The “infrastructure” bill includes numerous other subsidies and slush funds for favored interests: little-used electric vehicle charging stations, subsidies for existing nuclear plants to protect them from the subsidies handed out to wind and solar, slush funds for vaguely defined “climate resilience” and research programs at the Department of Energy. All certainly send money out the door and put cash in the pockets of government clients, their actual economic value is seemingly irrelevant. At a time of rocketing inflation, this trillion-dollar spending spree seems especially poorly timed.

What about the politics?

The three-month delay between Senate and House passage was due to infighting among the Democratic party over linkage of the infrastructure bill with an even larger, and much more destructive, spending spree contained in a reconciliation bill that the Democrats will try to ram through without any attempt at bipartisanship. While we certainly opposed it outright, The linkage of these two pieces of legislation was among the reasons AEA fought this legislation so hard. With passage of the infrastructure bill last week and no timeline for the reconciliation bill to be completed, the immediate linkage is now seemingly broken. The only question now is whether the Democratic leadership in the House and Senate can unite the warring factions amongst their ranks and pass the budget busting monstrosity. 

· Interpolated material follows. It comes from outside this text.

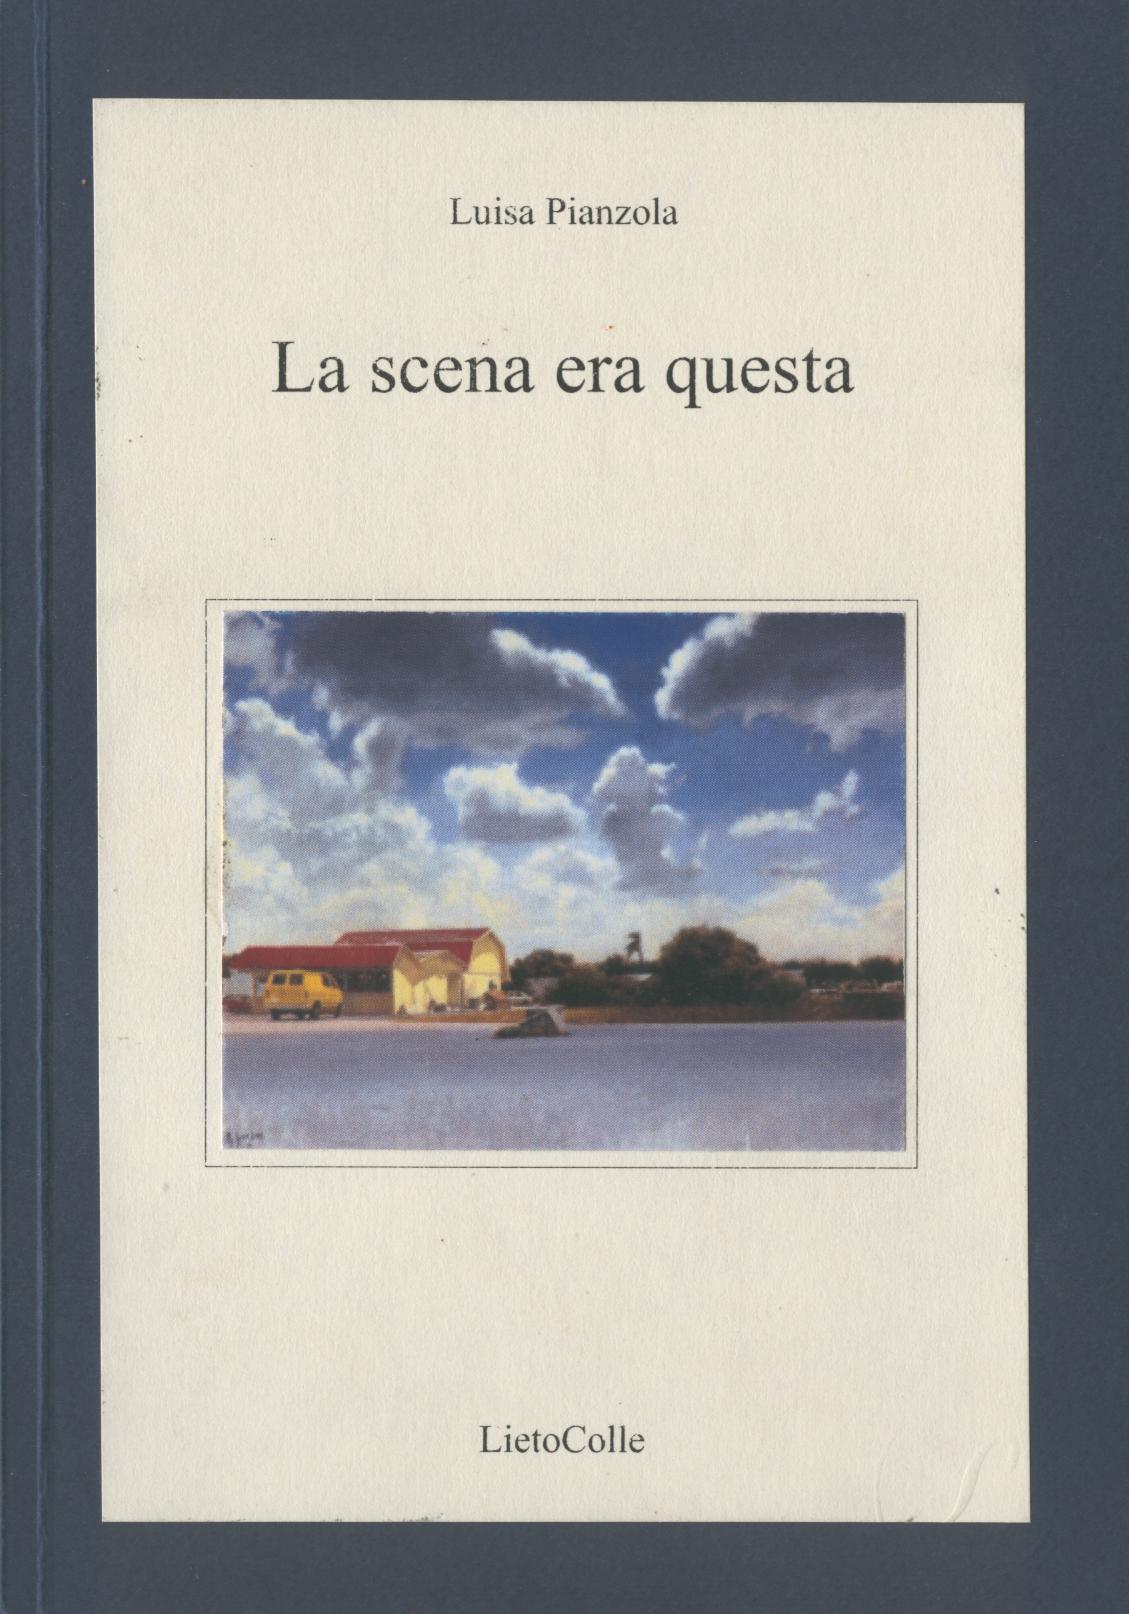 La Scena Era Questa, Luisa Pianzola

Some in the administration cling to the hope that passage of the infrastructure bill somehow resuscitates the Biden agenda. But this infrastructure bill does nothing to fix the actual problems facing America today the voters are most concerned about:  the supply chain crisis and rocketing inflation. The legislation completely ignores supply disruption issues, instead choosing to simply spread government pork to everyone with a good lobbyist. As to inflation, its $550 billion boost to federal spending can only put more pressure on inflation, with that new federal money chasing workers and goods that are already in short supply. Ignoring the concerns of voters to focus on running up spending for the sake of spending does not make for a catchy campaign message.

Conclusion

The infrastructure bill spends a lot of money, can be expected to accomplish little of benefit, and is of questionable value politically. What it does not do is contribute in any way to addressing the ongoing supply chain crisis choking America’s ports and disrupting delivery of goods, nor will it do anything but add to inflationary pressure throughout the economy. That this wasteful and unnecessary legislation has consumed the attention of Congress for half the year is an indictment of the institution. We can only hope that that wasted time and wasted money are the only consequences of this legislation.